Question

How do you write the partial fraction decomposition of the rational expression `(-13x+11) / (2x^3 - 2x^2 + x - 1)`?

Answer 1

`(-13x+11)/(2x^3-2x^2+x-1)=(-2/3)/(x-1)+(4/3x-35/3)/(2x^2+1)`

Explanation:

From the given `(-13x+11)/(2x^3-2x^2+x-1)`, we start by getting all the factors of the denominator

I will assume that we already know factoring, ok?

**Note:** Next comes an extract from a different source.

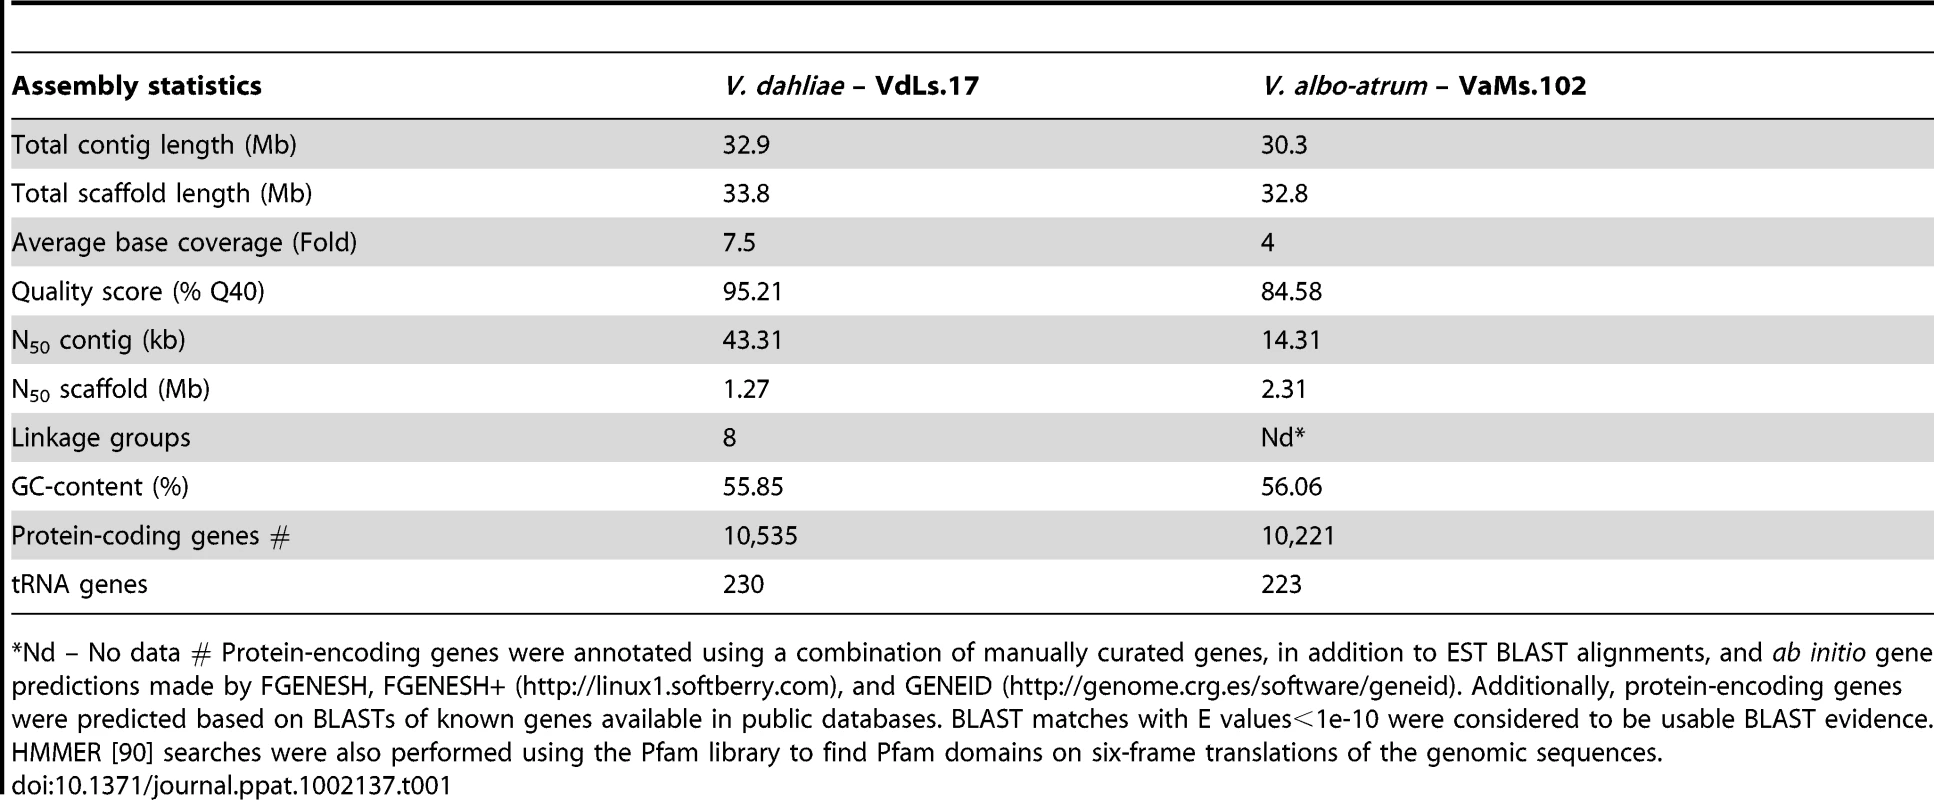 Comparison of genome statistics between <i>V. dahliae</i> and <i>V. albo-atrum</i>.

`2x^3-2x^2+x-1=(x-1)(2x^2+1)`

This is our denominator for the right sides of the equation

Let us set up the equation and the variables A, B

`(-13x+11)/(2x^3-2x^2+x-1)=A/(x-1)+(Bx+C)/(2x^2+1)`

Simplify using the LCD`=(x-1)(2x^2+1)`

`(-13x+11)/(2x^3-2x^2+x-1)=(A(2x^2+1)+(Bx+C)(x-1))/((x-1)(2x^2+1))`

Expand then simplify

`(-13x+11)/(2x^3-2x^2+x-1)=(2Ax^2+A+Bx^2-Bx+Cx-C)/((x-1)(2x^2+1))`

Rearrange from highest to lowest degree the terms in the numerator at the right side of the equation

`(-13x+11)/(2x^3-2x^2+x-1)=(2Ax^2+Bx^2-Bx+Cx+A-C)/((x-1)(2x^2+1))`

Let us match the numerical coefficients of the terms of the numerators of the left and right side of the equation

`(0*x^2+(-13)x^1+11*x^0)/(2x^3-2x^2+x-1)=((2A+B)x^2+(-B+C)x^1+(A-C)*x^0)/((x-1)(2x^2+1))`

The equations are

`2A+B=0`
`-B+C=-13`
`A-C=11`

Simultaneous solution results to

`A=-2/3`
`B=4/3`
`C=-35/3`

Our final answer

`(-13x+11)/(2x^3-2x^2+x-1)=(-2/3)/(x-1)+(4/3x-35/3)/(2x^2+1)`

God bless....I hope the explanation is useful.